Palestinians Aim To Take Advantage of Widening Washington-Jerusalem Rift

A proposed UN Security Council resolution would ‘condemn’ Israel’s settlement policies and ‘demand’ an end to all settlement activities. While America is likely to veto the text, it may agree to a joint council statement on Israeli settlements.

Menahem Kahana/pool via AP
Prime Minister Netanyahu speaks during a weekly cabinet meeting at Jerusalem, January 15, 2023. Menahem Kahana/pool via AP

Encouraged by Washington’s public rebuke of Israel, the Palestinian Authority is promoting a resolution at the United Nations to condemn Jerusalem and isolate Prime Minister Netanyahu on the world stage. 

A proposed UN Security Council resolution is being circulated among the body’s 15 members, for a possible vote on Monday. The proposed text, which was obtained by the Sun, would “condemn” Israel’s settlement policies and “demand” an end to all settlement activities in what it calls the “occupied Palestinian territory, including East Jerusalem.” 

Diplomats who spoke on condition of anonymity told the Sun that in its current form, the text would likely be vetoed by America. Yet, Washington may agree to a joint council statement on Israeli settlements. Such statements require no vote. Instead, they are agreed on during closed-door consultations of all council members and are then read by the council’s president. They carry less weight than formal resolutions.     

In December 2016, during President Obama’s final days in office, America allowed the passage of a Security Council resolution that declared Israeli presence in the West Bank and Jerusalem illegal under international law. Diplomats admitted at the time that while America abstained from the final vote, it in fact helped to write the resolution, and encouraged other council members to support it.   

Prior to Mr. Obama’s decision to depart from a long-established American policy of vetoing council resolutions on the Israeli-Palestinian dispute, Israelis complained that their American colleagues kept them in the dark. “They won’t talk to us, and that is very unusual,” a senior Jerusalem diplomat told the Sun at the time. 

In contrast, as this week’s negotiations over a new measure at the council are ongoing, there are “open lines of communication” between American and Israeli diplomats, according to several UN sources who asked not to be identified. 

Yet, this week Secretary Blinken and foreign ministers from France, Germany, Italy, and Britain, issued a joint statement expressing concern over the Israeli government’s latest measures in the West Bank. 

The joint statement followed Jerusalem’s announcement of a plan to build 10,000 housing units in the West Bank and to normalize nine outposts that were previously deemed illegal by Israeli courts. The foreign ministers said that they are “deeply troubled by the Israeli government’s announcement,” adding that they “strongly oppose these unilateral actions.”

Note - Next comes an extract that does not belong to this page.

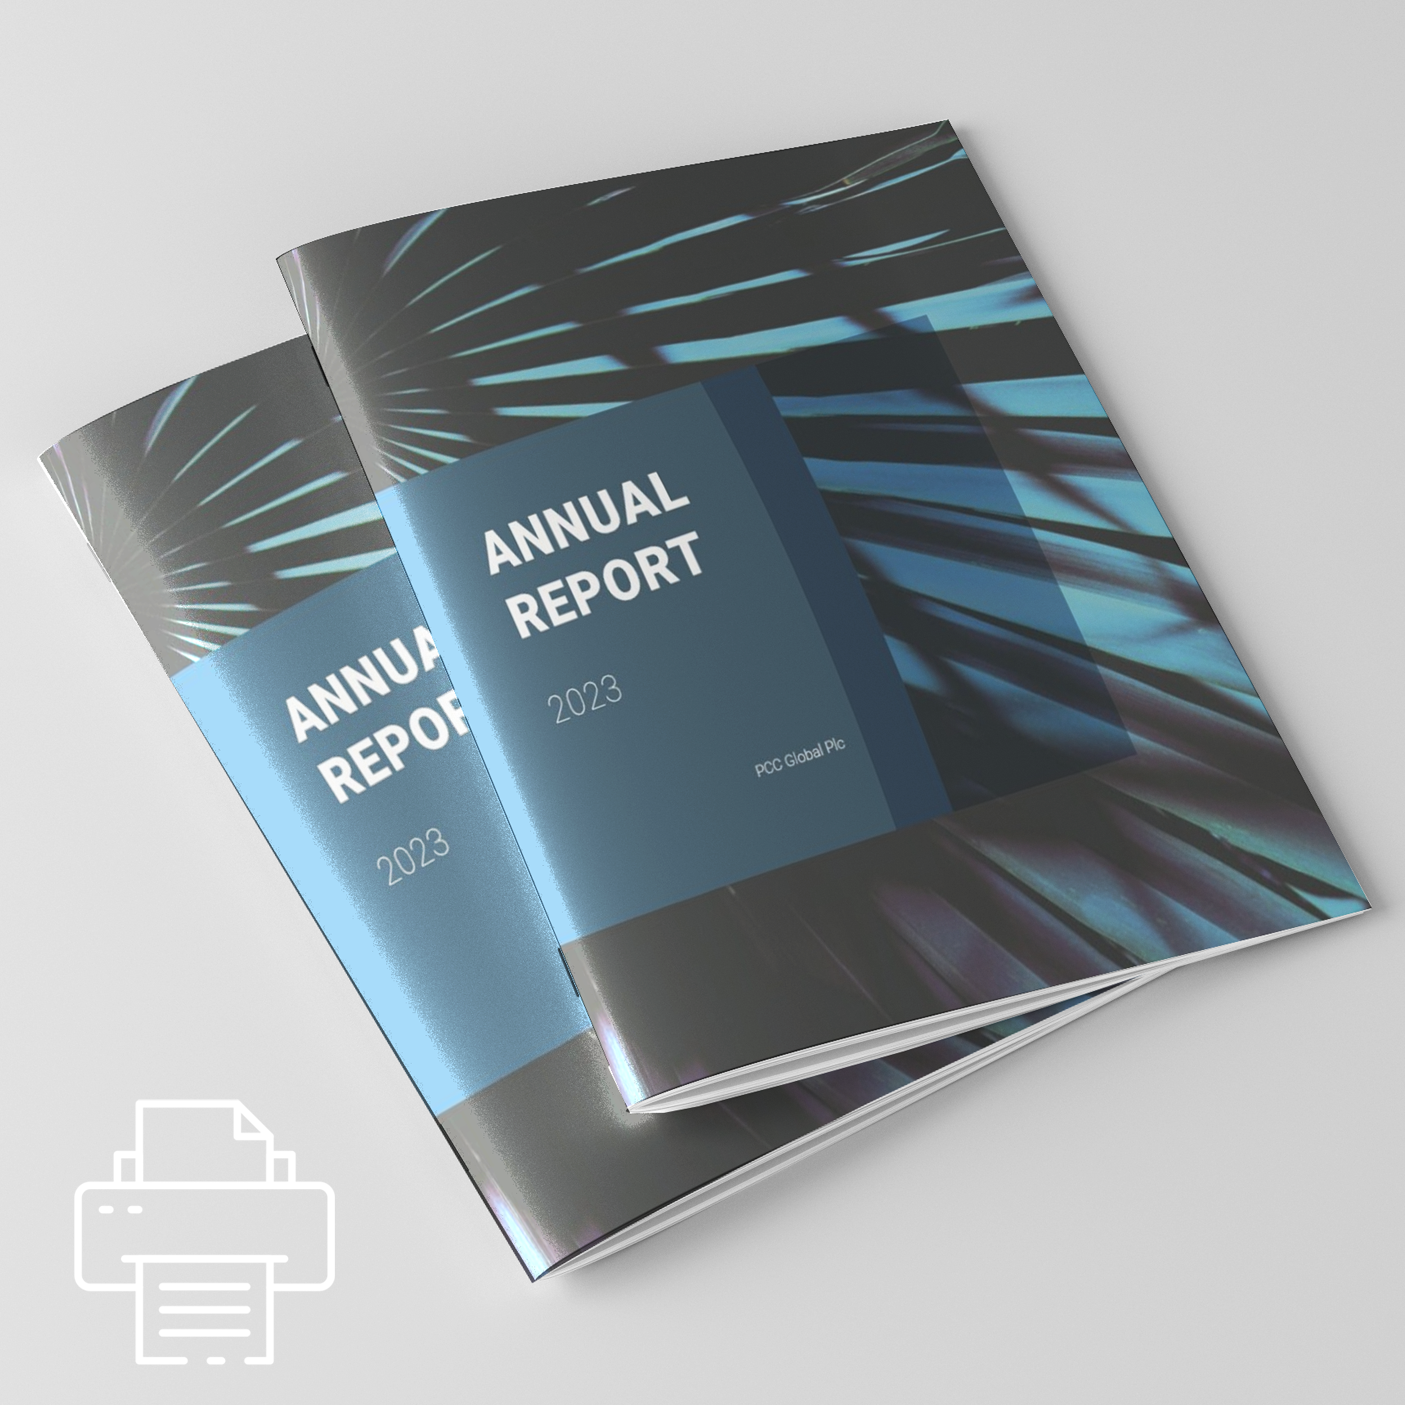 Annual report with printer symbol

Unlike that statement, the proposed Palestinian text for a Security Council resolution mentions no particular Israeli government policy. Instead, it issues a condemnation on settlement policies that all Israeli governments have enacted since the West Bank was captured in Israel’s defensive war of 1967.  

The proposed new resolution condemns “all attempts at annexation, including decisions and measures by Israel regarding settlements, including settlement outposts, and calls for their immediate reversal.” It also demands that “Israel immediately and completely cease all settlement activities in the occupied Palestinian territory, including East Jerusalem.”

Even as various American presidents have been at odds with Israel over West Bank policies, they by and large agreed with Israel that dealing with these issues at the UN, and specifically at the Security Council, is unproductive. Yet, an American council veto is far from guaranteed, as Mr. Obama’s 2016 case shows.

Current Israeli-American relations are fast cooling off, as, beyond the dispute with the Palestinians, Mr. Netanyahu’s domestic policies are seen as irksome among members of President Biden’s administration.      

When Mr. Netanyahu presented his new right-wing government in late December, Mr. Biden said in a statement, “I look forward to working with Prime Minister Netanyahu, who has been my friend for decades.” Yet, a planned invitation for the Israeli premier to visit White House has been placed on ice

In addition to Mr. Blinken’s public rebuke on settlements, Mr. Biden interjected himself into an internal Israeli debate over the balance between the courts and the legislative body, after being egged on by a New York Times columnist.  

All that does not necessarily mean that America would once again join the Palestinian Authority’s strategy of using the UN and other international bodies in its war against Israel. Yet, the rift between Messrs. Netayahu and Biden appears to be widening. Along with it, traditional diplomatic rituals — including the delicate dance that leads to American vetoes at the UN — could fall by the wayside.